Start of Data shown

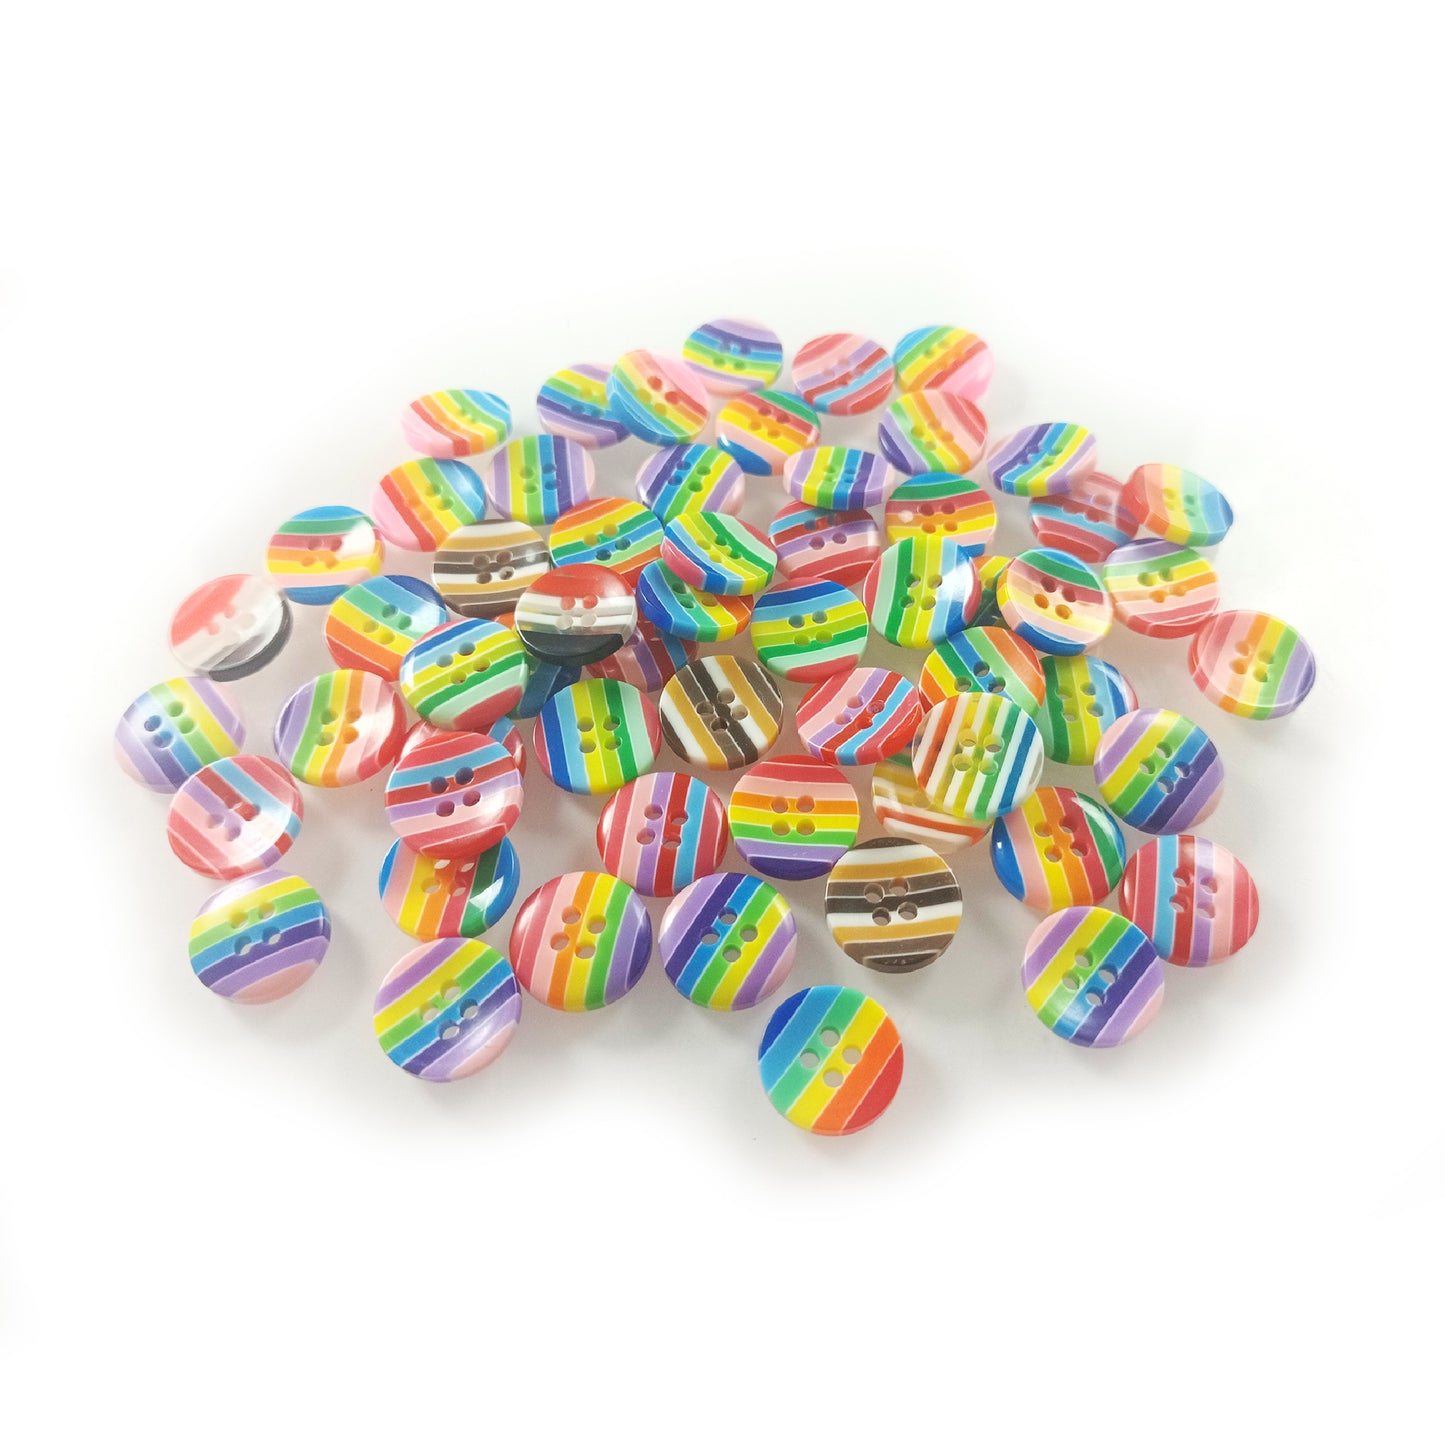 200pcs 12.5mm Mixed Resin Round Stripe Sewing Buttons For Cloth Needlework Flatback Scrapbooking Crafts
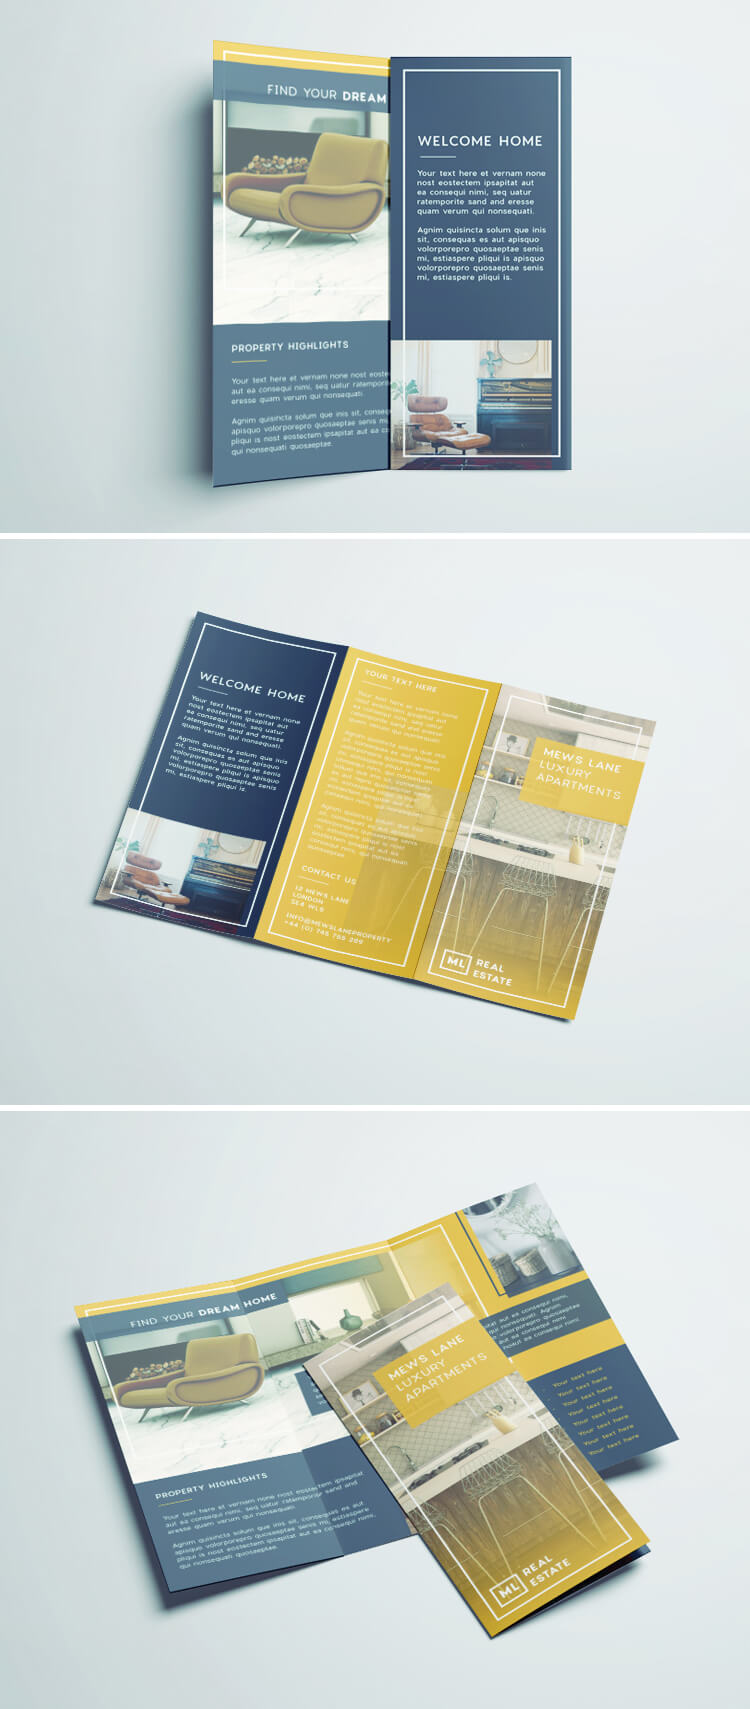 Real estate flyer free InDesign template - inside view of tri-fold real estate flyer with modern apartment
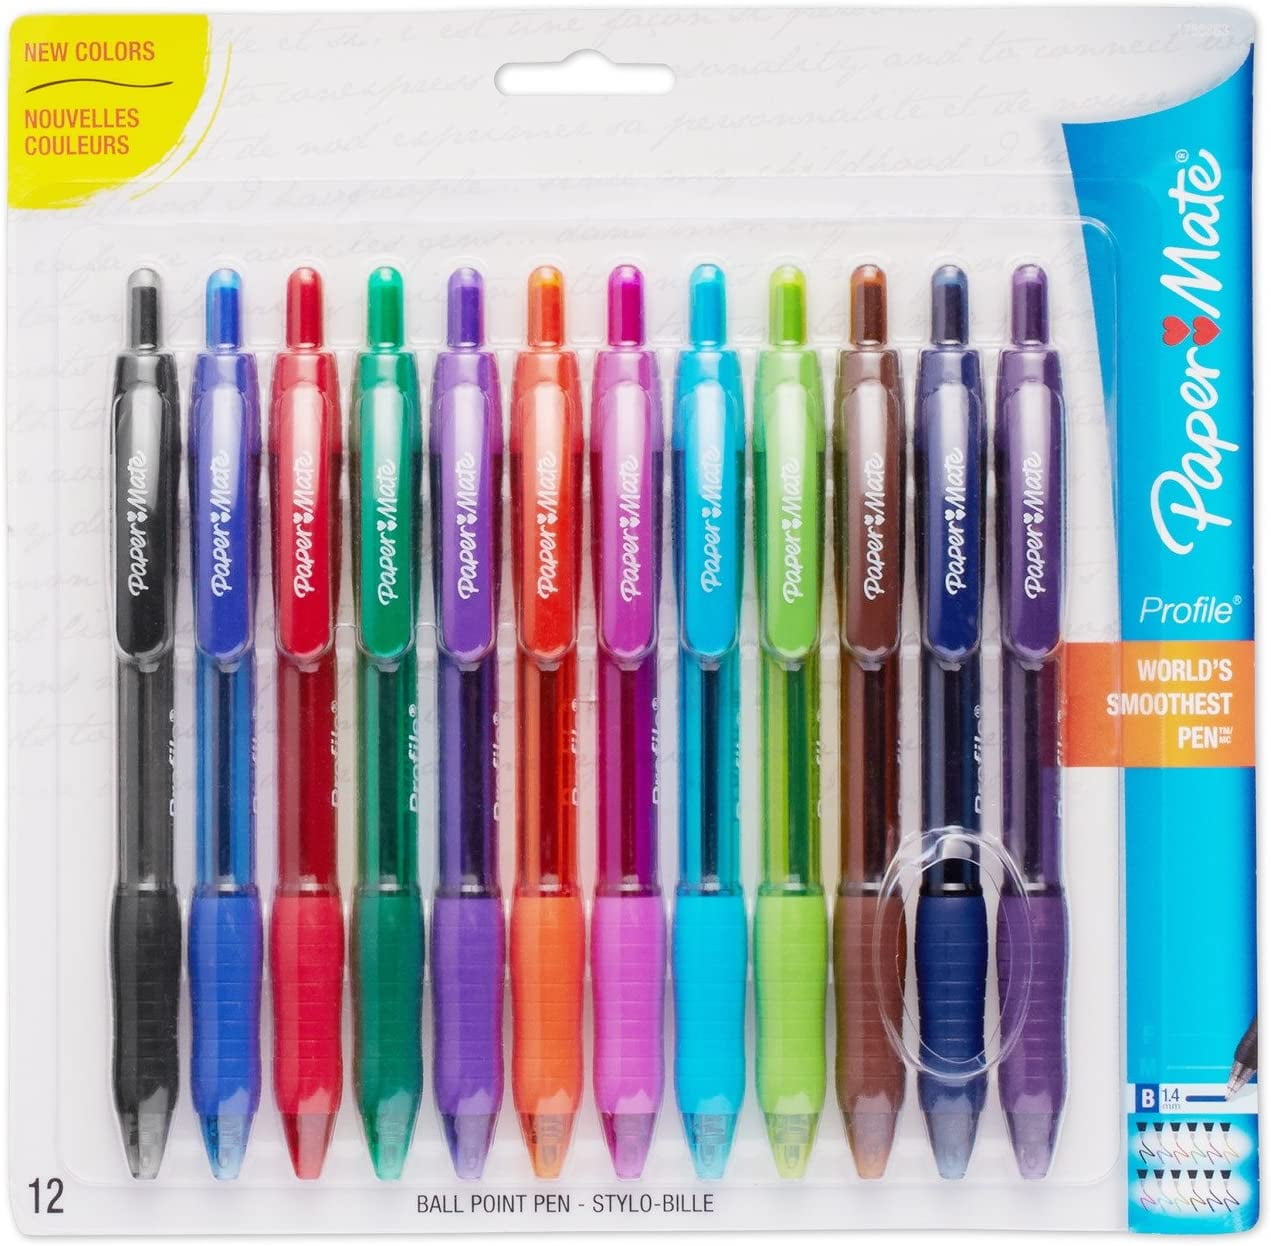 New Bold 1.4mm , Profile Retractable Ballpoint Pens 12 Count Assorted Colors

End of Data shown

:: Task goal ::
Where the data contains images, drop them and print the rest exactly.

:: Exercise output ::
 200pcs 12.5mm Mixed Resin Round Stripe Sewing Buttons For Cloth Needlework Flatback Scrapbooking Crafts
 Real estate flyer free InDesign template - inside view of tri-fold real estate flyer with modern apartment
 New Bold 1.4mm , Profile Retractable Ballpoint Pens 12 Count Assorted Colors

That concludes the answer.